Copy word for word the line containing "Tilbud på Gordon's" together with all lines following it to the end of the listing below, without the pictures.
--- Supplied information Enclosed Below ---
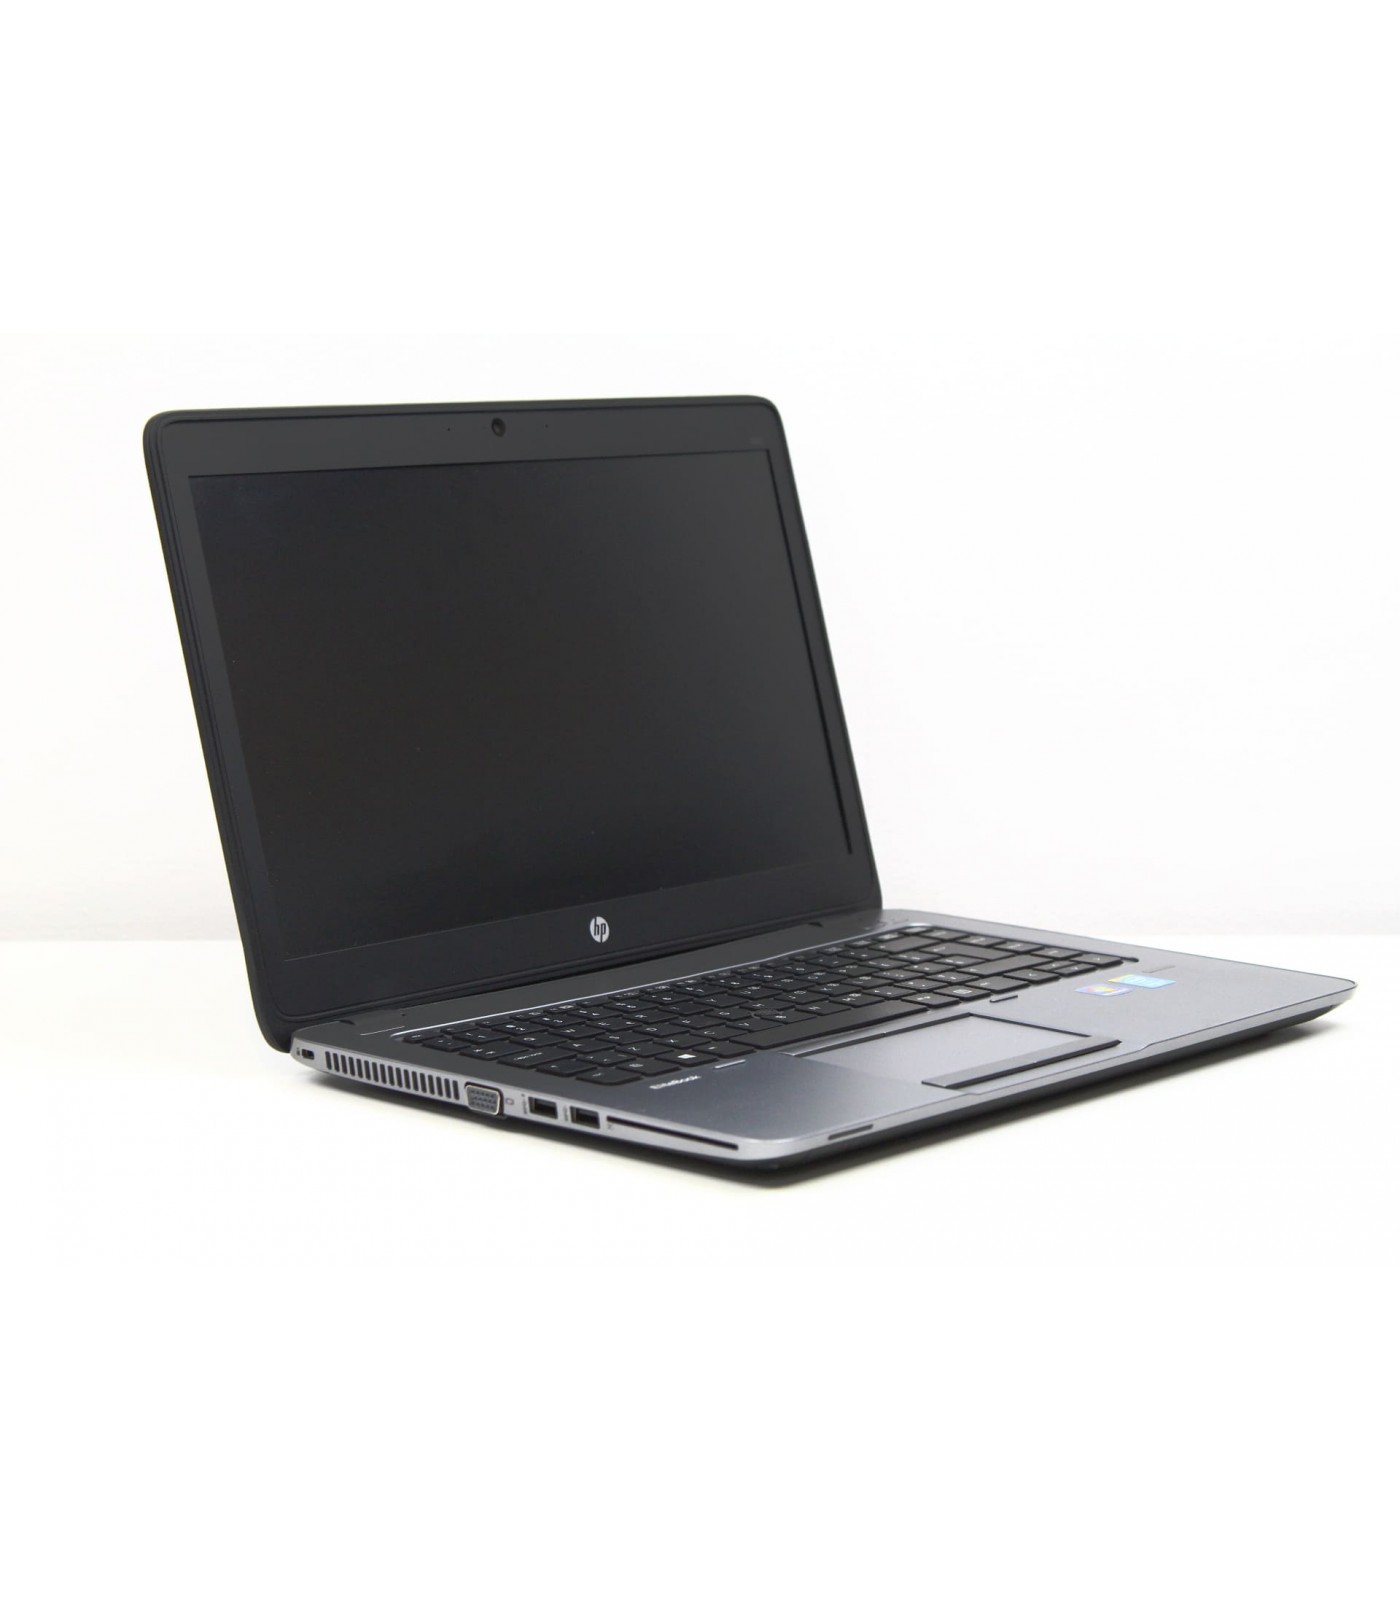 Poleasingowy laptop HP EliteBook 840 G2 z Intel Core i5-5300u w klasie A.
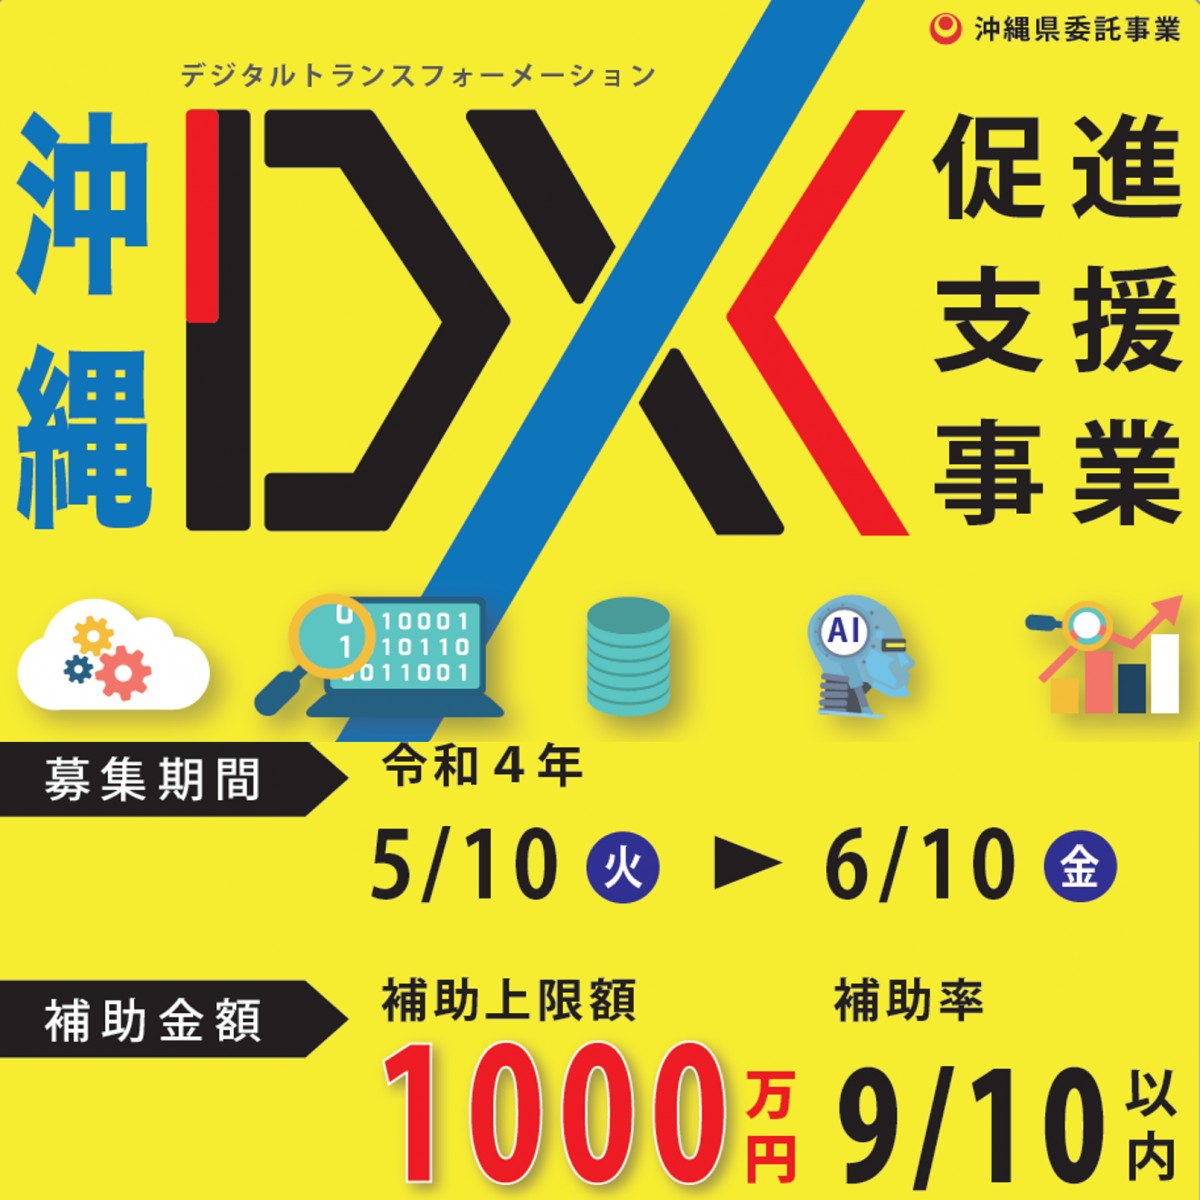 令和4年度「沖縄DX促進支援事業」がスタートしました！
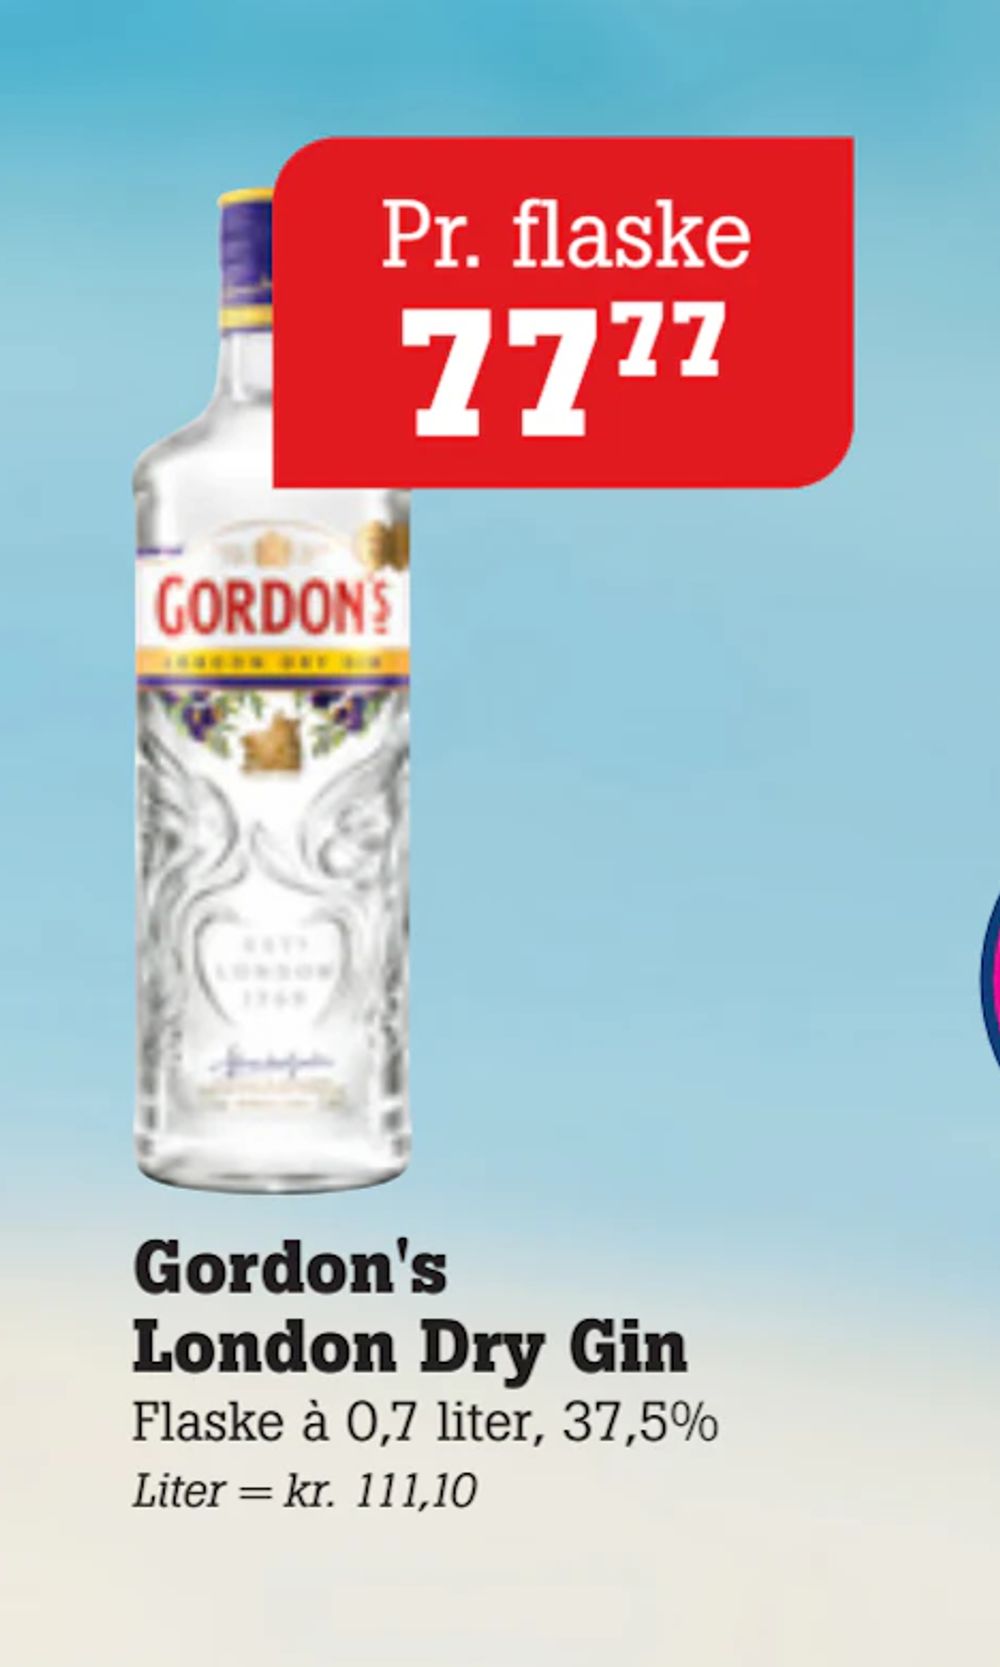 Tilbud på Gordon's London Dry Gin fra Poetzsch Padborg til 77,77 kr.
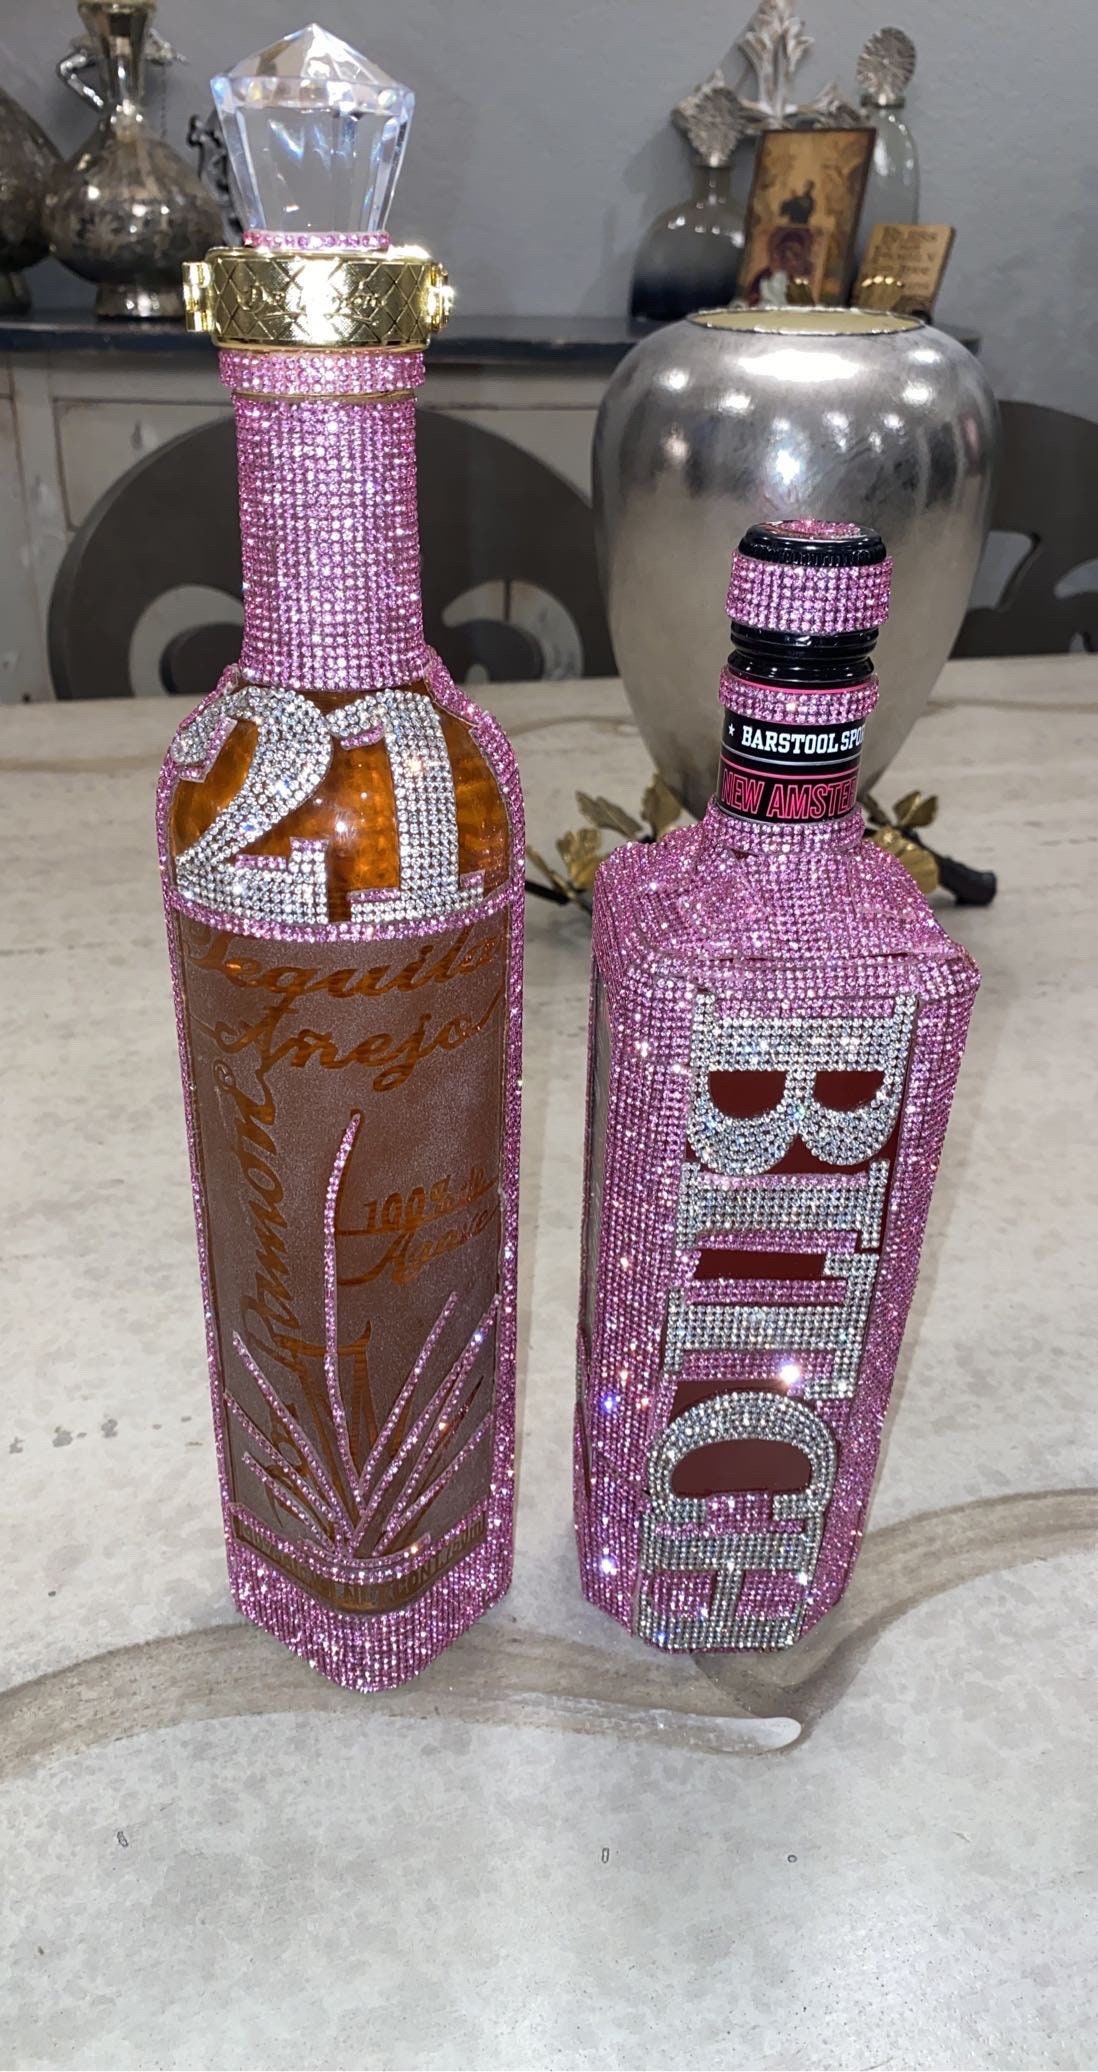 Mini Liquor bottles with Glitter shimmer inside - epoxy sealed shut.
--- End of Enclosed Supplied information ---
**Exercise solution**
 Tilbud på Gordon's London Dry Gin fra Poetzsch Padborg til 77,77 kr.
 Mini Liquor bottles with Glitter shimmer inside - epoxy sealed shut.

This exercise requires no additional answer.